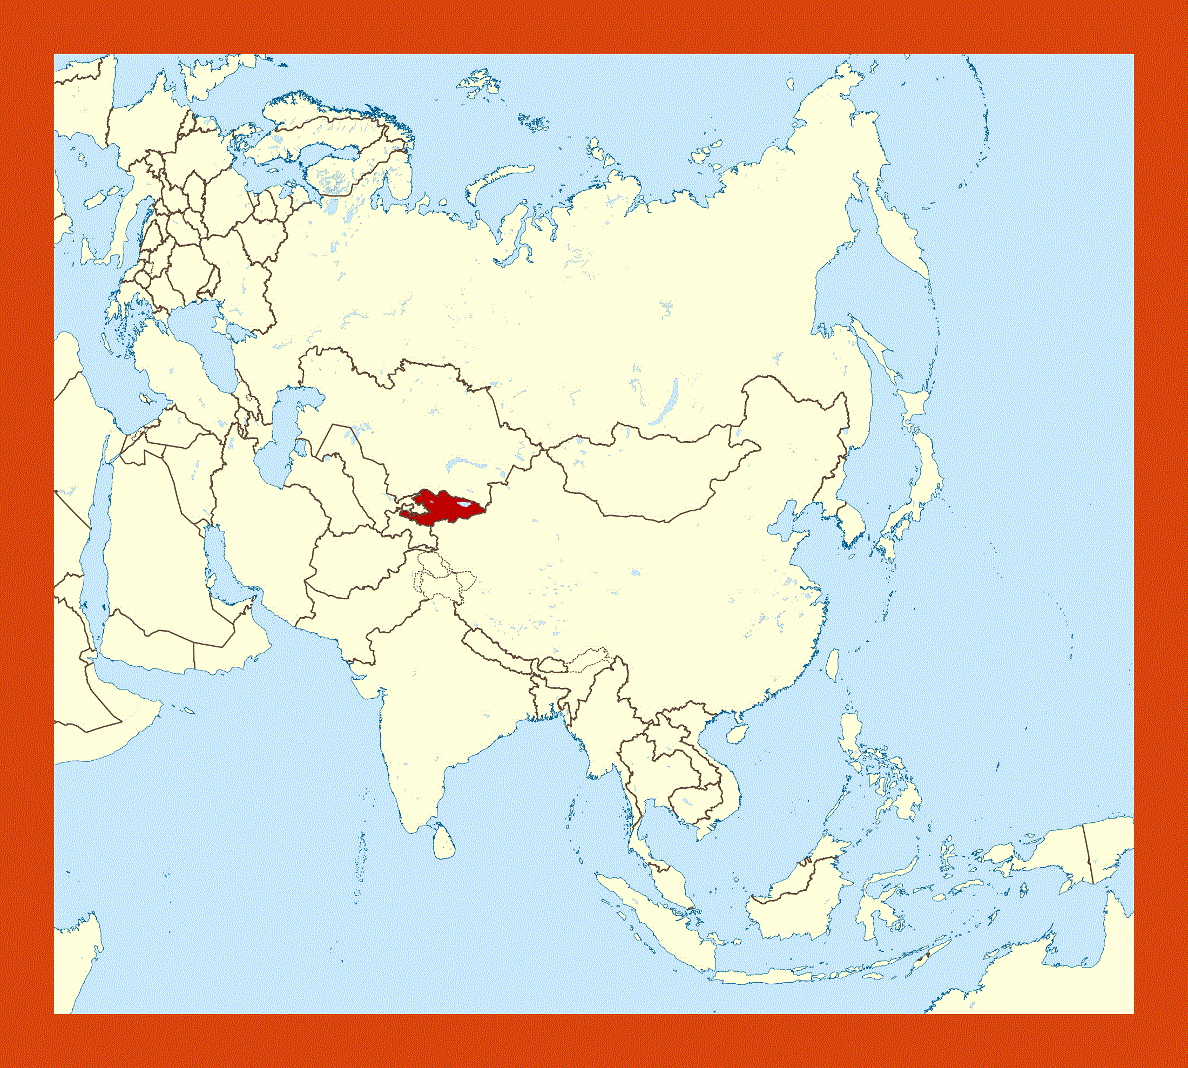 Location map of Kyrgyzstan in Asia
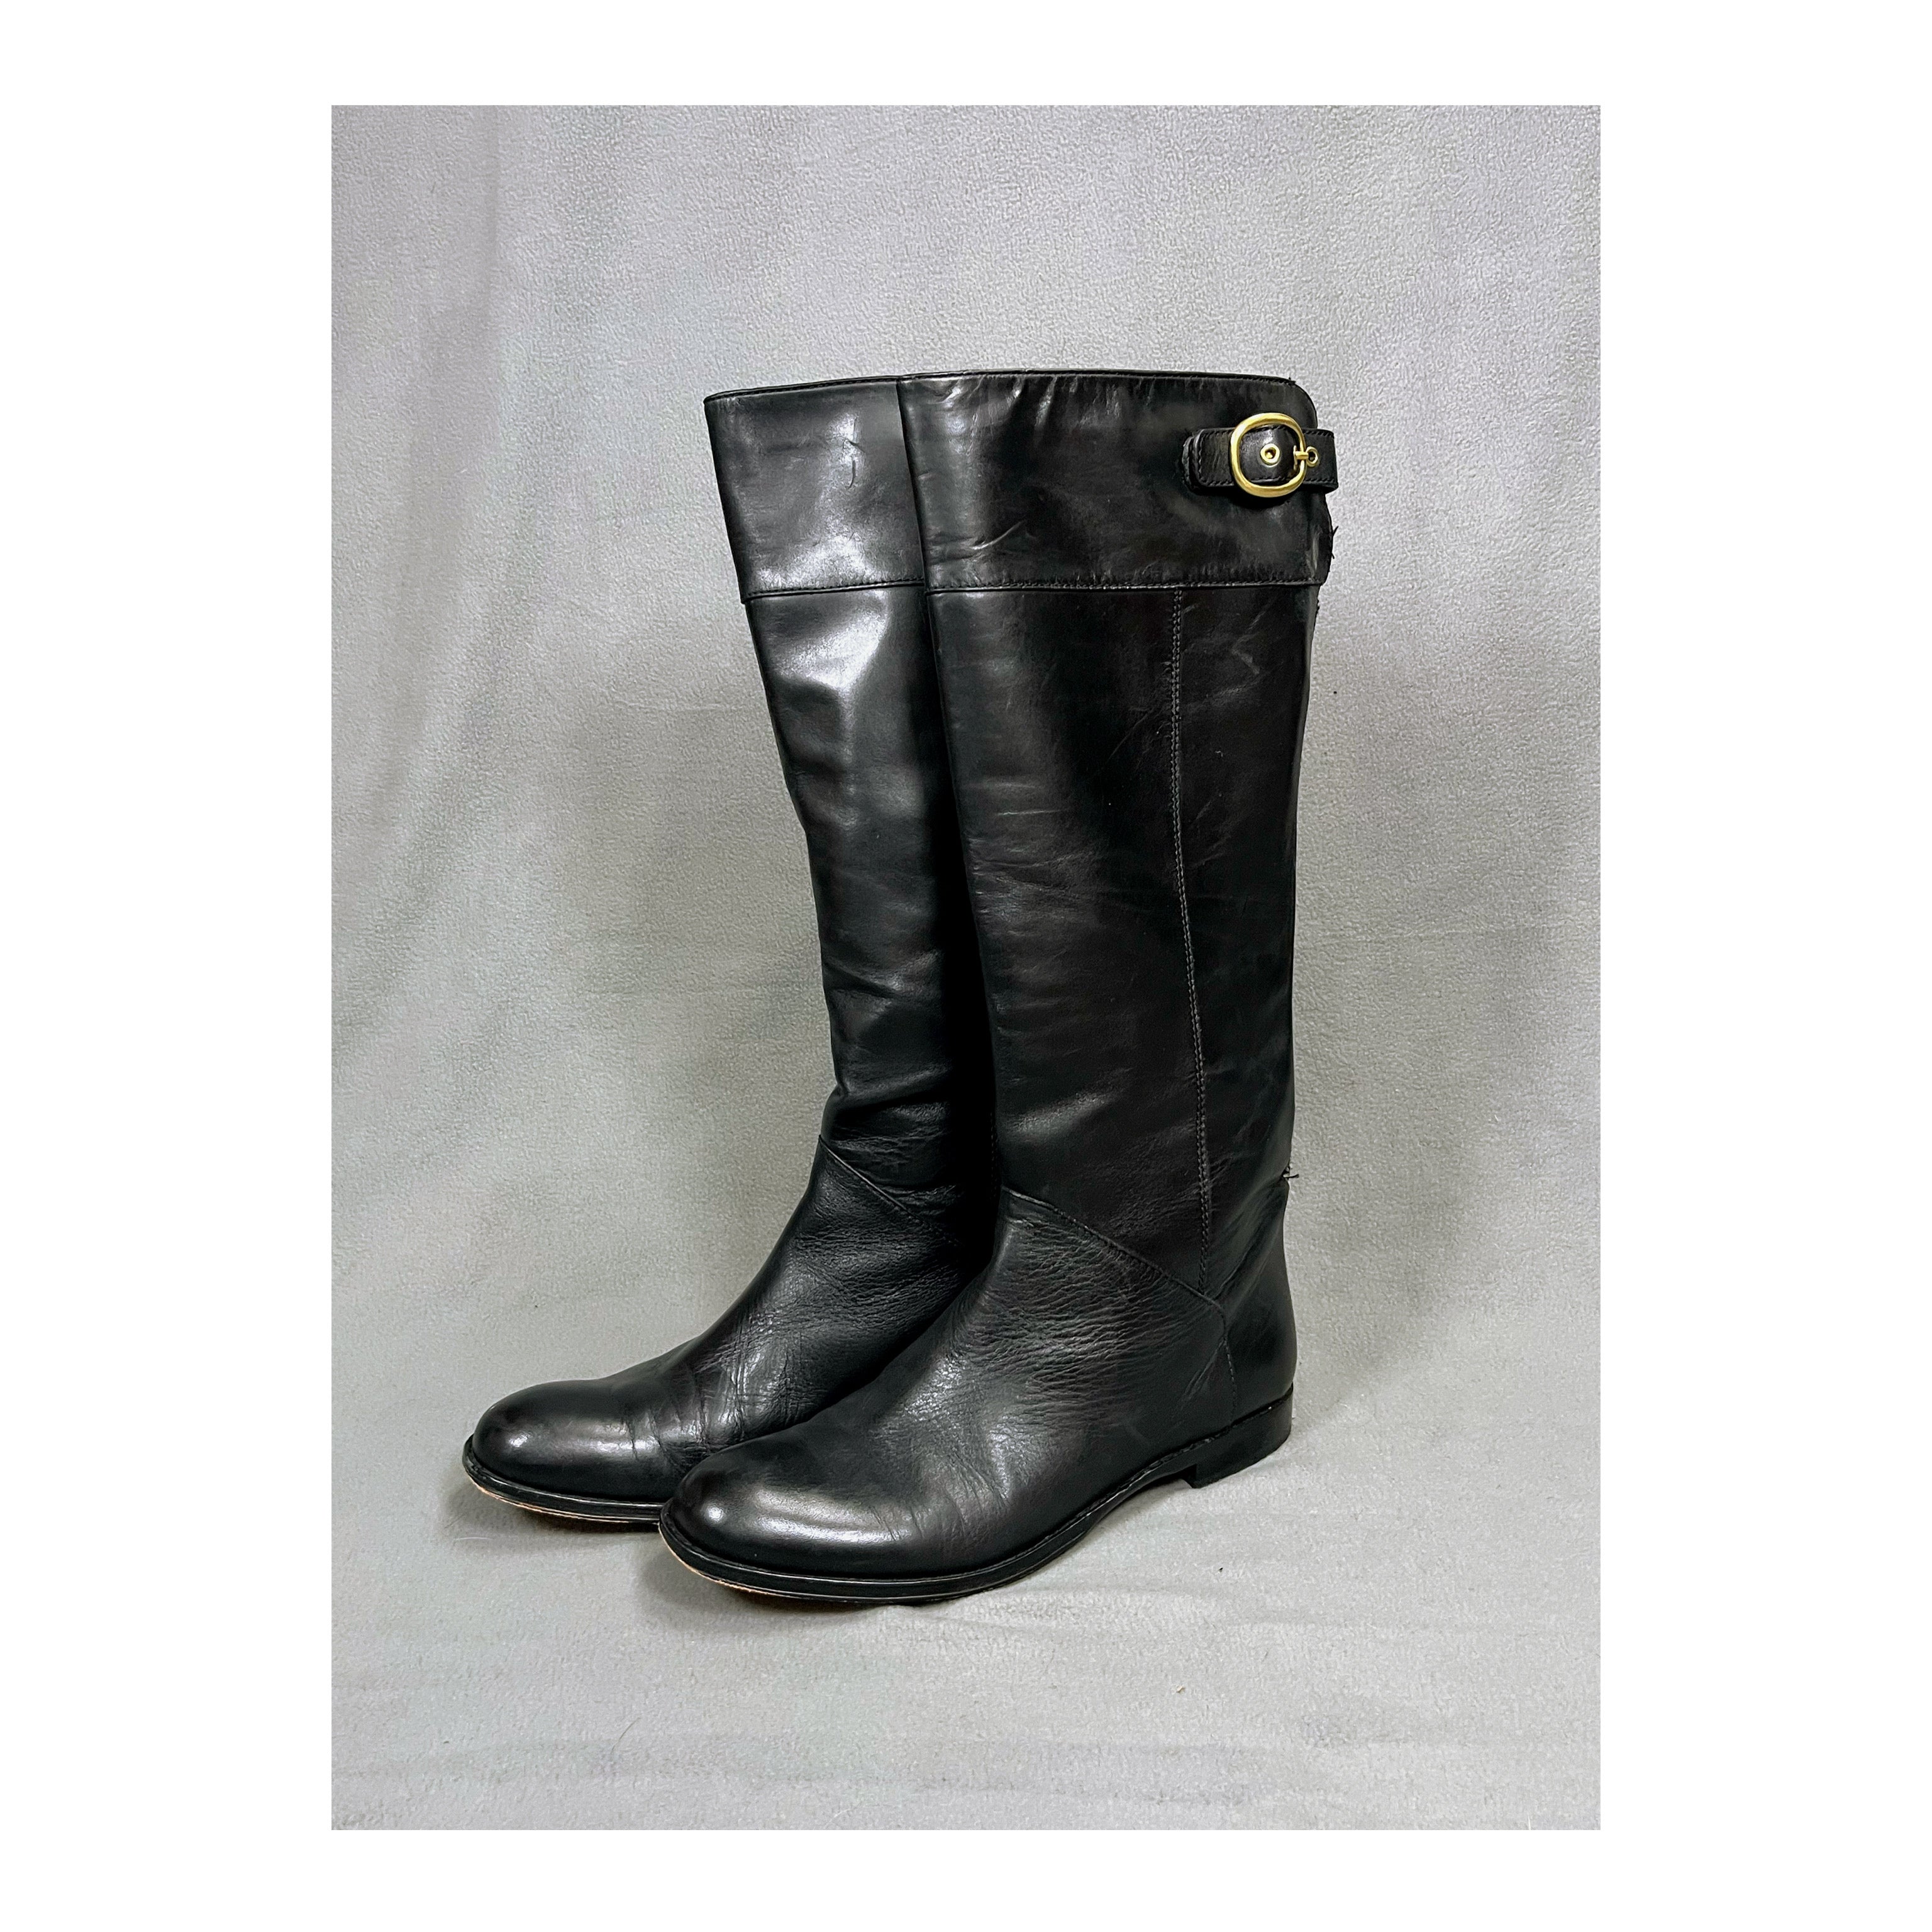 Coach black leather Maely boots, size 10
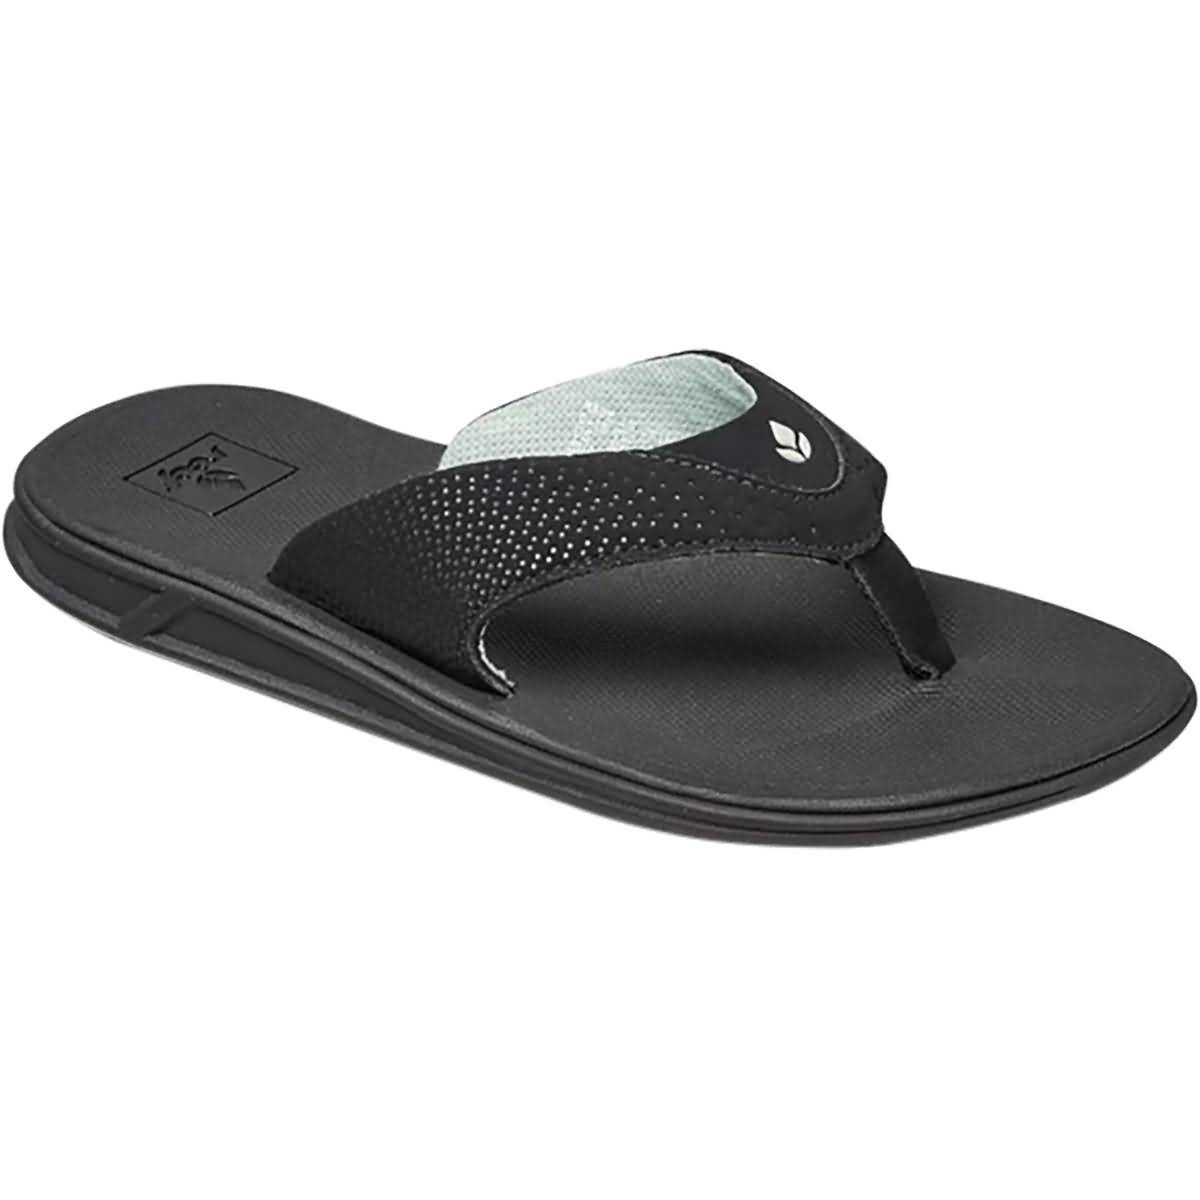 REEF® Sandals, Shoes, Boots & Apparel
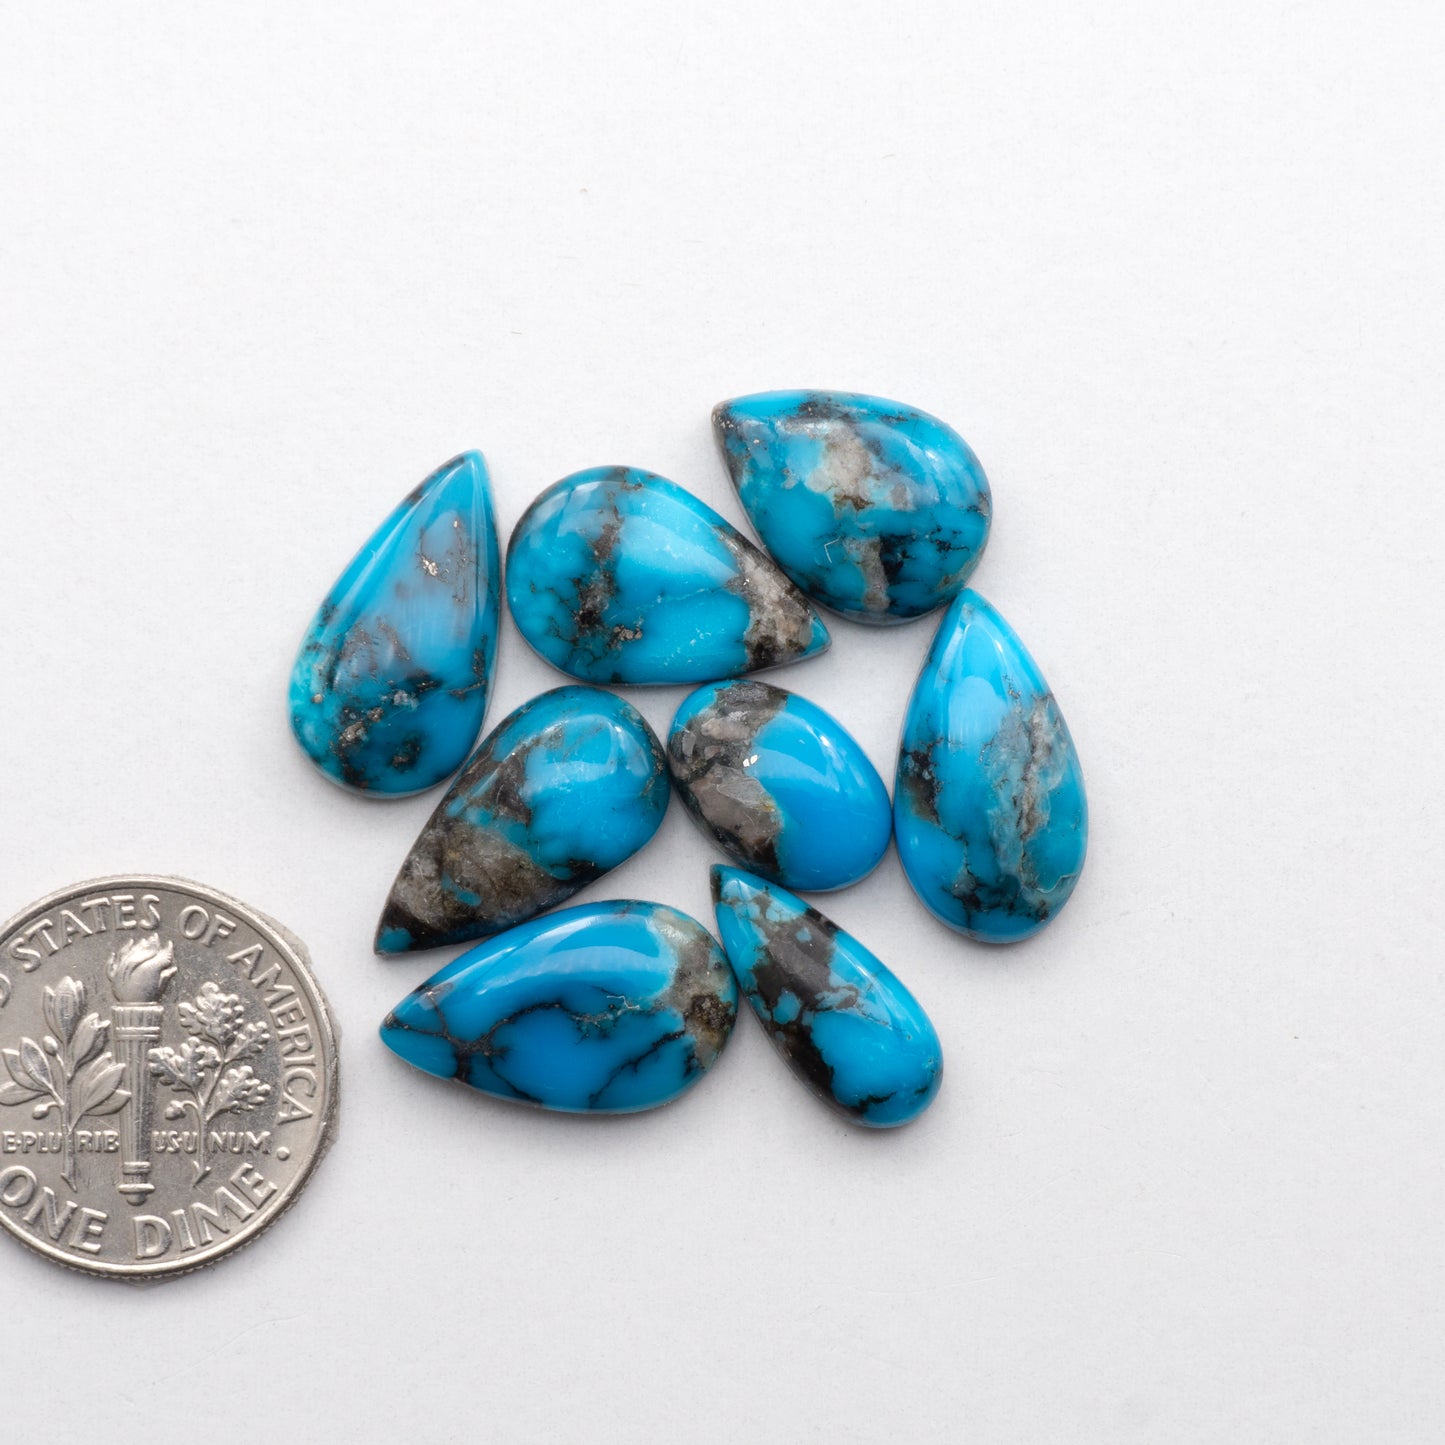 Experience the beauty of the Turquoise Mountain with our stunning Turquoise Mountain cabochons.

:: Task item ::
All of the material above is to be copied exactly, with no pictures.

:: Response ::
 Location map of Kyrgyzstan in Asia
 Coach black leather Maely boots, size 10
 REEF® Sandals, Shoes, Boots & Apparel
 Experience the beauty of the Turquoise Mountain with our stunning Turquoise Mountain cabochons.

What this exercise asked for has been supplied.